Myanmar’s military junta has been getting weaker for months, but that has spelt more problems for the country’s people in the short term, United Nations rights envoy Tom Andrews said on Monday (Jan 29).
Since October, the junta has lost over 4,000 soldiers who have either surrendered or defected, and the military has also been losing ground in territory, he noted.
“They’ve lost military outposts and weapons, including significant artillery, so they’re losing ground.
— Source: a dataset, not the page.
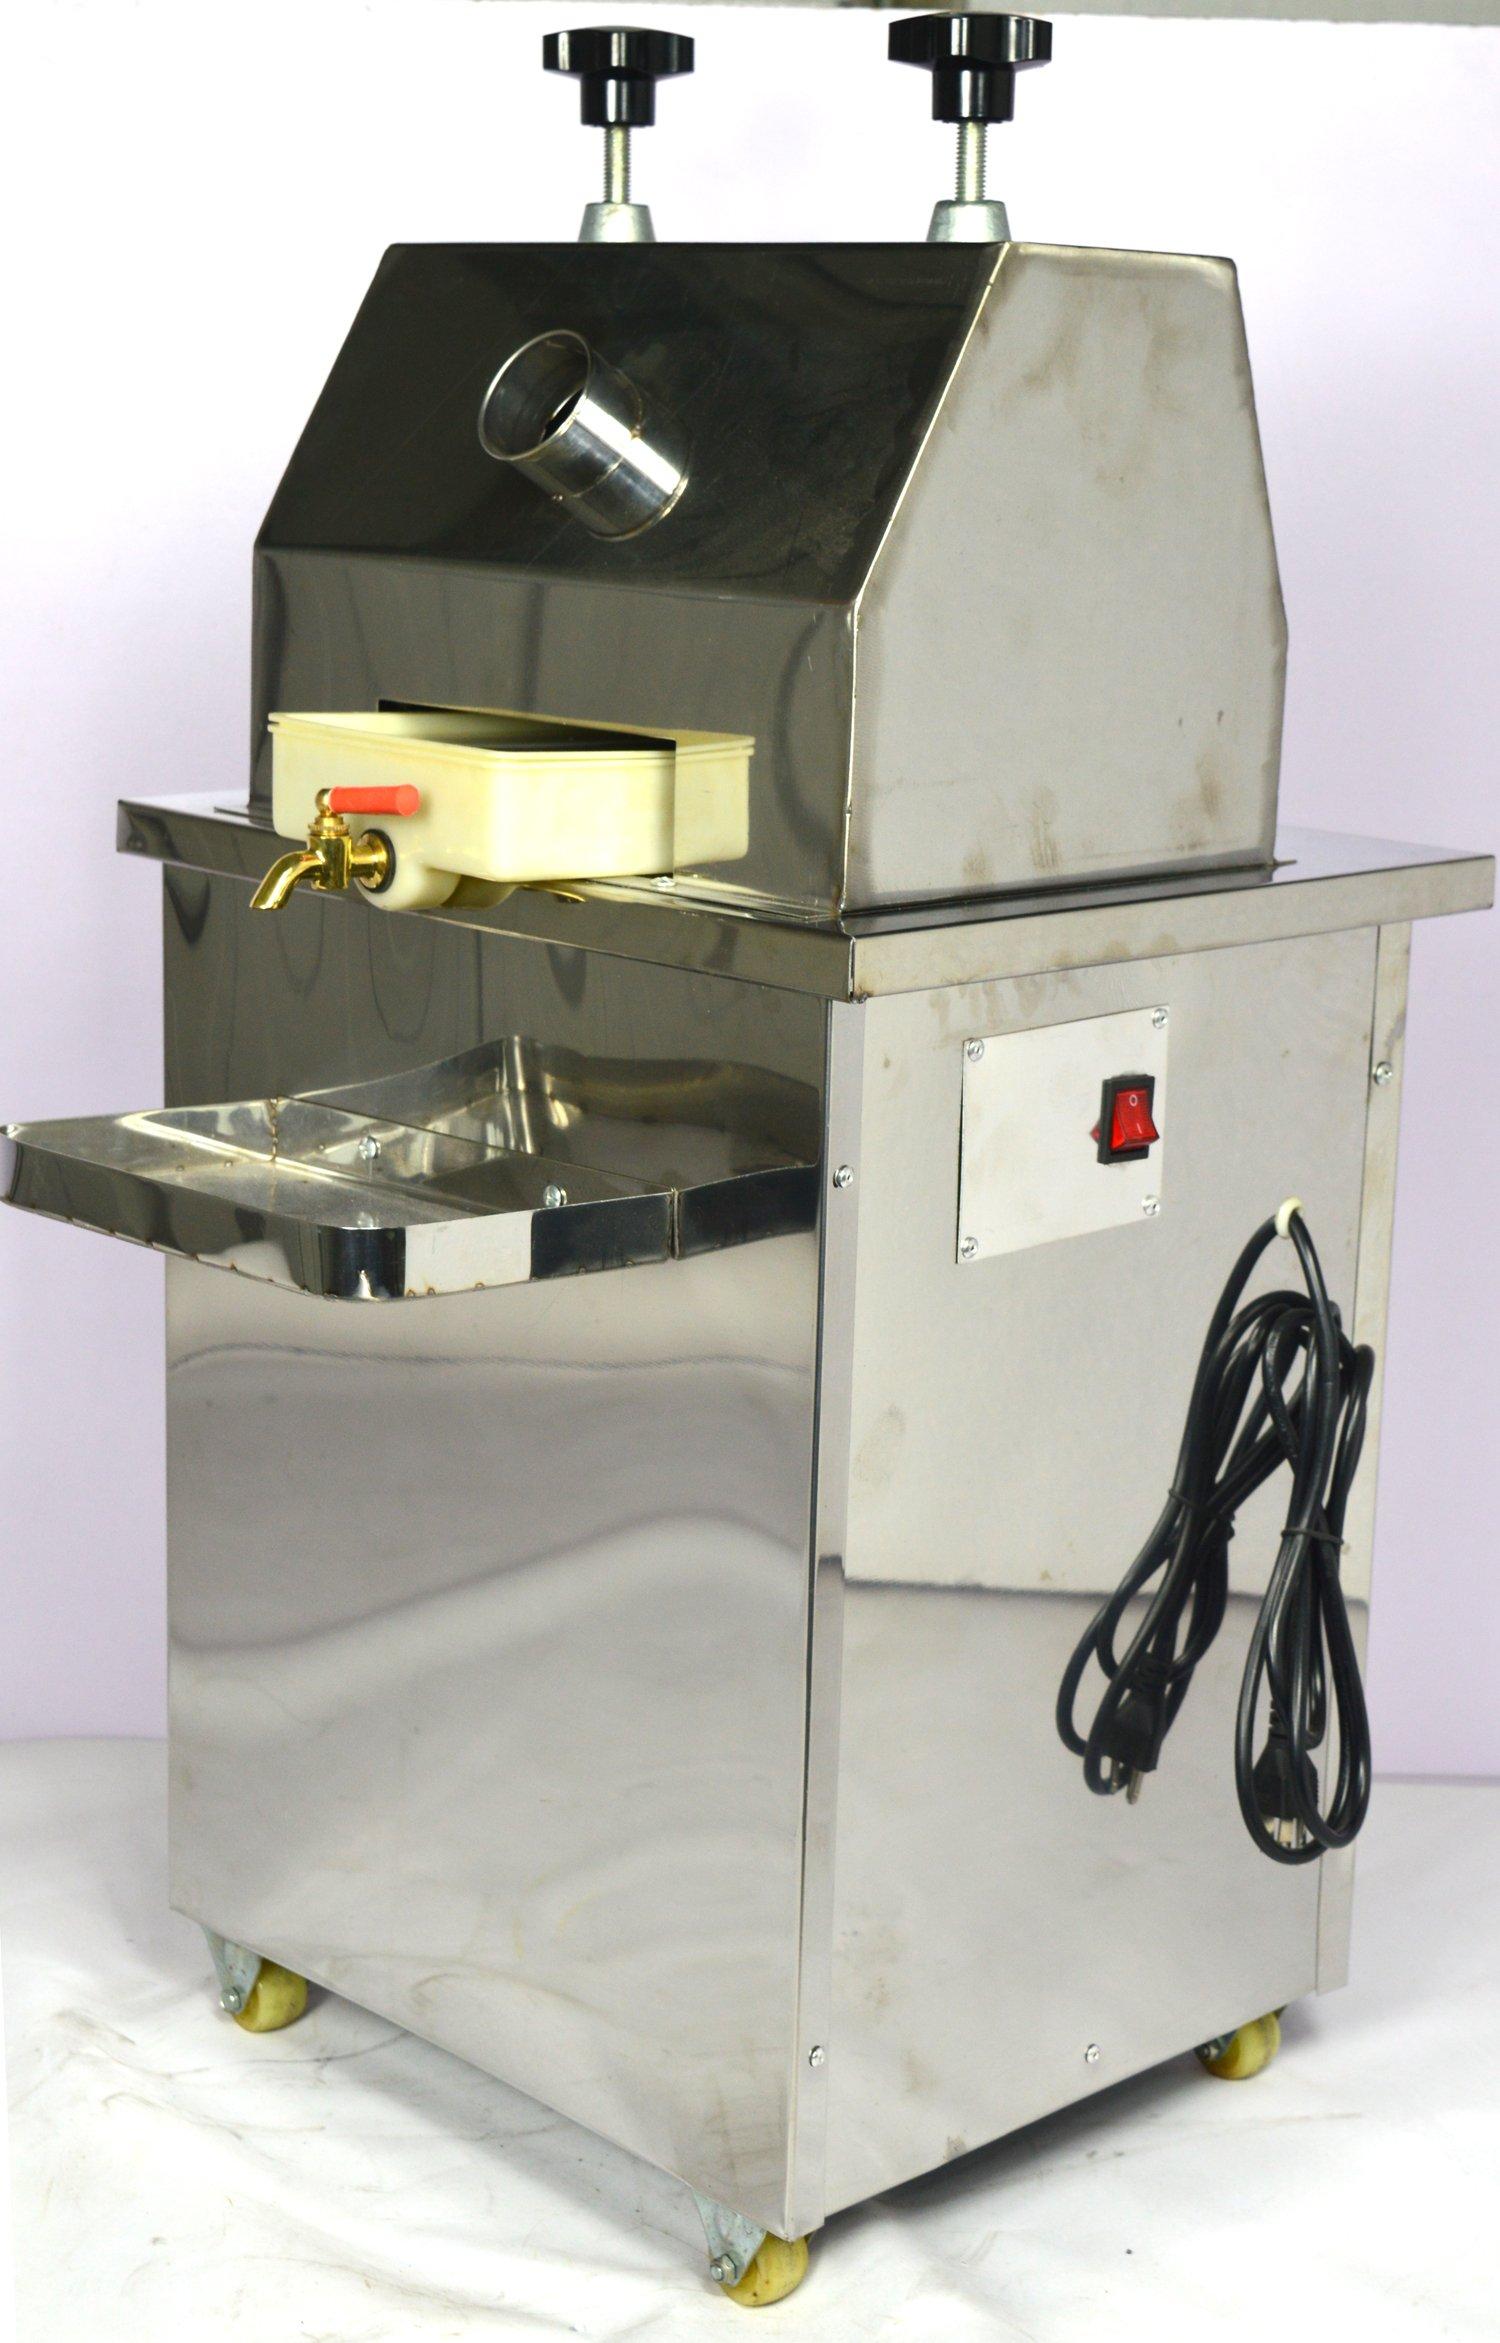 Techtongda Commercial Sugar Cane Juicer Electric Sugar Cane Press JuicerThree Rolls 126LB #134027
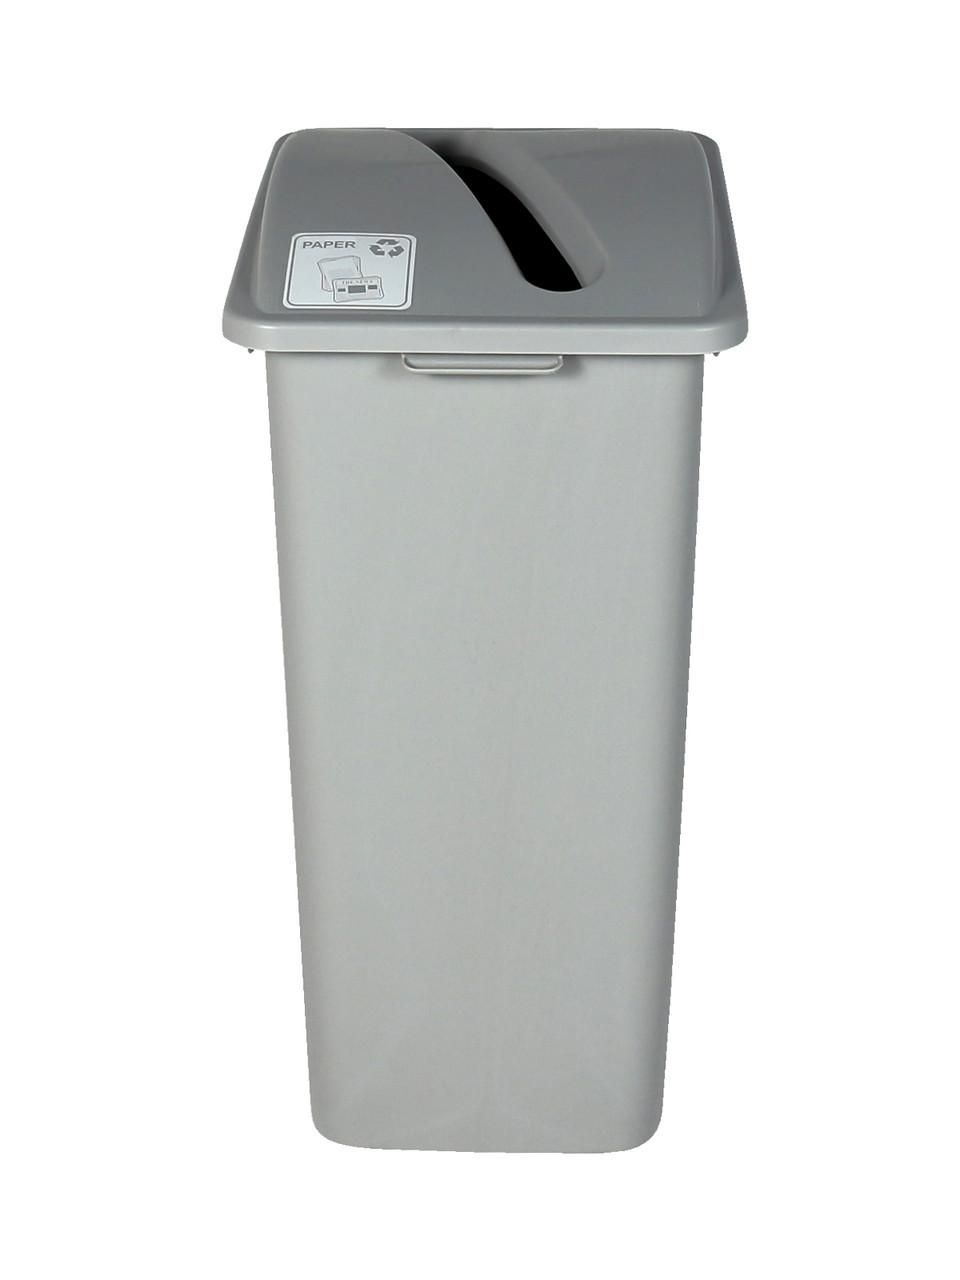 32 Gallon XL Simple Sort Recycling Bin Gray

The problem (is) as they do so, they have been responding by attacking villages,” he said, adding that they have very sophisticated powerful weapons of war to do so with.
While the weakening of the junta is good news in the long term, the junta’s response of turning on the people of Myanmar is a “very significant problem”, he said.
“It’s a disaster on top of a disaster,” the UN special rapporteur on human rights in Myanmar told CNA’s Asia First.
Since the coup nearly three years ago, 2.3 million people have been displaced and 18.6 million people are in dire need of humanitarian aid, said Mr Andrews, who is also a Robina senior human rights fellow at Yale University Law School.
Last year, over 10,000 Myanmar children died due to what the UN describes as acute and severe malnutrition.
“Myanmar kids are literally starving to death. More than half the country has fallen into poverty. This country of Myanmar is suffering incredibly ever since the coup occurred nearly three years ago,” said Mr Andrews.